Jellison understands this crowd – she spent part of her adulthood struggling with an addiction to methamphetamines. But now, she’s a bridge connecting people in crisis to the resources they need to survive and possibly to heal. She doesn’t push sobriety, but aims to meet people where they’re at, without judgement, and help them find health and balance.
“My goal is to make people feel seen and heard,” Jellison said. “All these people need help.”

‘We are saving lives every day and I know that.’
Not long ago, the idea of harm reduction was considered radical.

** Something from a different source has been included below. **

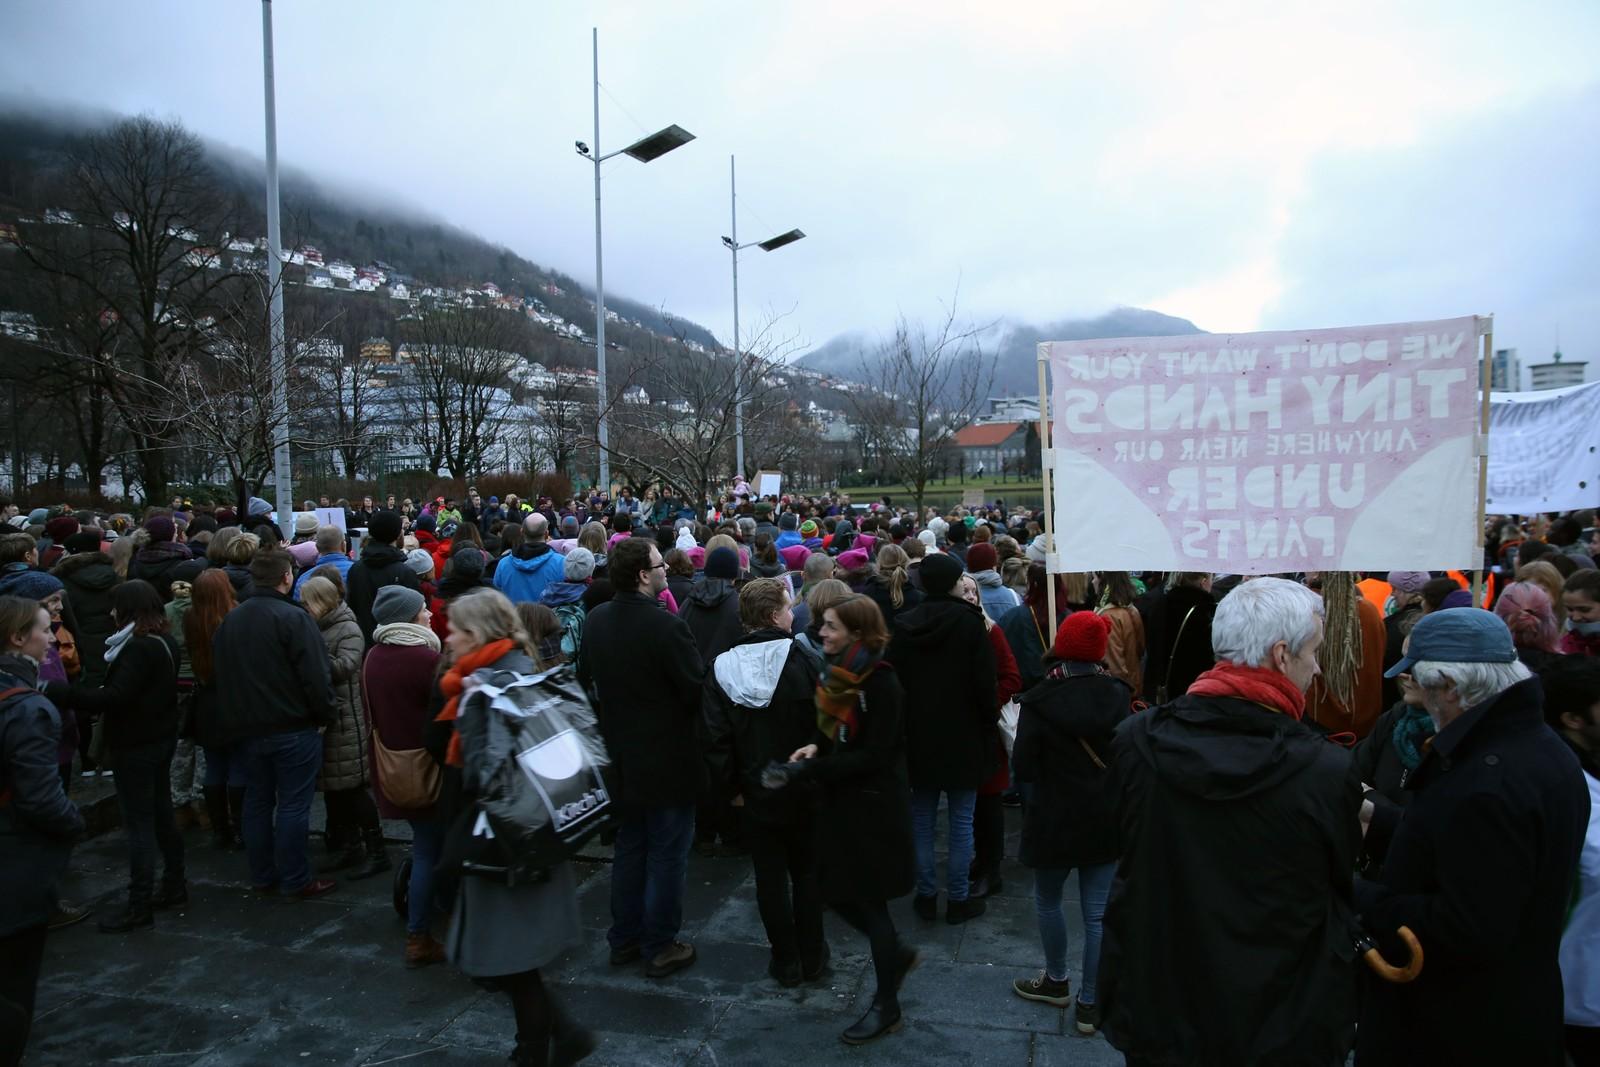 Flere hundre demosntranter var også samlet på Festplassen i Bergen. Derfra skal de gå en rute i Bergen sentrum før de ender opp på Bergen offentlige bibliotek, hvor de får direktestrøm av andre søsterdemonstrasjoner i verden.

As the name suggests, it’s not a treatment for substance use disorder but a set of approaches aimed at reducing the negative consequences of drug use, including infections and overdoses, until users can manage a safer, more stable lifestyle. Today, it is largely accepted by medical and public health professionals as a life-saving approach to the addiction crisis.
But over the past year, harm reduction has become a political target tied up with rhetoric around crime-ridden streetscapes and open-air drug use. Directives from President Donald Trump and his appointees threaten to criminalize key harm reduction practices, throwing the future of nonprofits like Harm Reduction Sisters, and the people they serve, into uncertainty.

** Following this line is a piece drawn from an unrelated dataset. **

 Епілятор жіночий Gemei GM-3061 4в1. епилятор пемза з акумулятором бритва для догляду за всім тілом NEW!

Harm Reduction Sisters’ founder, Sue Purchase, grew up in Clouquet and Duluth, where she started using alcohol and illegal drugs as a child. She left the region for more than 30 years, sought treatment, and became a nationally-respected advocate for harm reduction. In 2018, she returned to Duluth and founded Harm Reduction Sisters. “I had unfinished business that I needed to address,” she said.
Staffers like Jellison consider themselves front-line responders in a region that has struggled mightily with addiction and poverty. In St. Louis County – the Duluth area north to the Canadian border – about 7% of adults need treatment for substance use disorder, according to the Minnesota Department of Human Services. In the Twin Cities metro, the rate is only slightly higher at 8%.

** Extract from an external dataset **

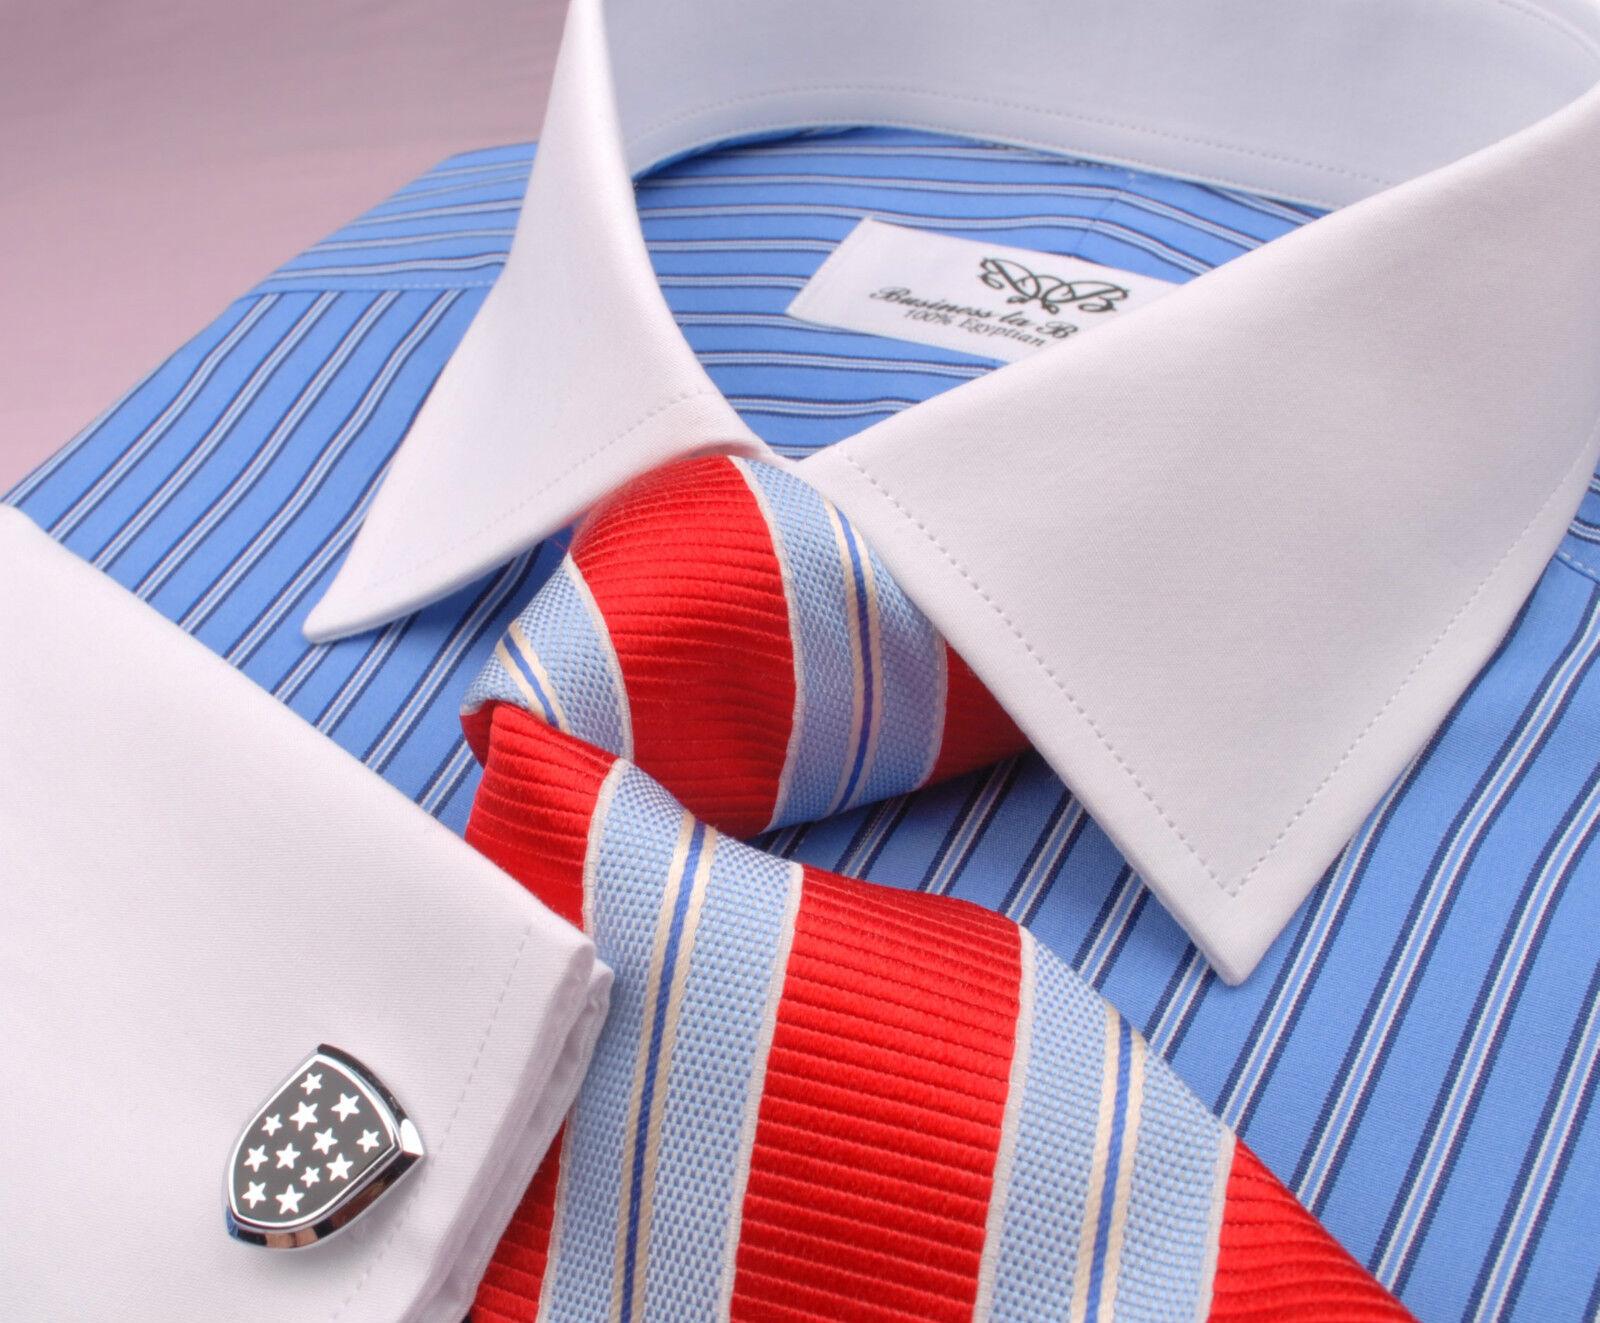 Double Blau Mini Weiß  Herren Boss Contrast Cuff Formal Geschäft Dress Shirt Style

But Purchase believes that she and her colleagues have made a difference. “We are saving lives every day and I know that,” she said.
The numbers appear to support her. Provisional federal data shows a steep decline in deaths by overdose in St. Louis County over the past three years – the result of multiple efforts and significant investments. In the year leading up to September 2025, overdoses took the lives of 37 people in the county, d0wn from 85 people in the year leading up to April 2023, according to data from the National Center for Health Statistics.
Additionally, a wealth of scholarly research has shown the success of harm reduction methods in reducing the transmission of potentially fatal diseases like HIV and hepatitis C.
Even in Minnesota, the birthplace of the abstinence-centered “Minnesota Model” of recovery that fueled addiction treatment giants like Hazelden Betty Ford, harm reduction methods have taken hold. Most providers in the state now accept, if not embrace, the approach that allows participants to use prescription medications to support their recovery, for instance, or to use legal substances like marijuana.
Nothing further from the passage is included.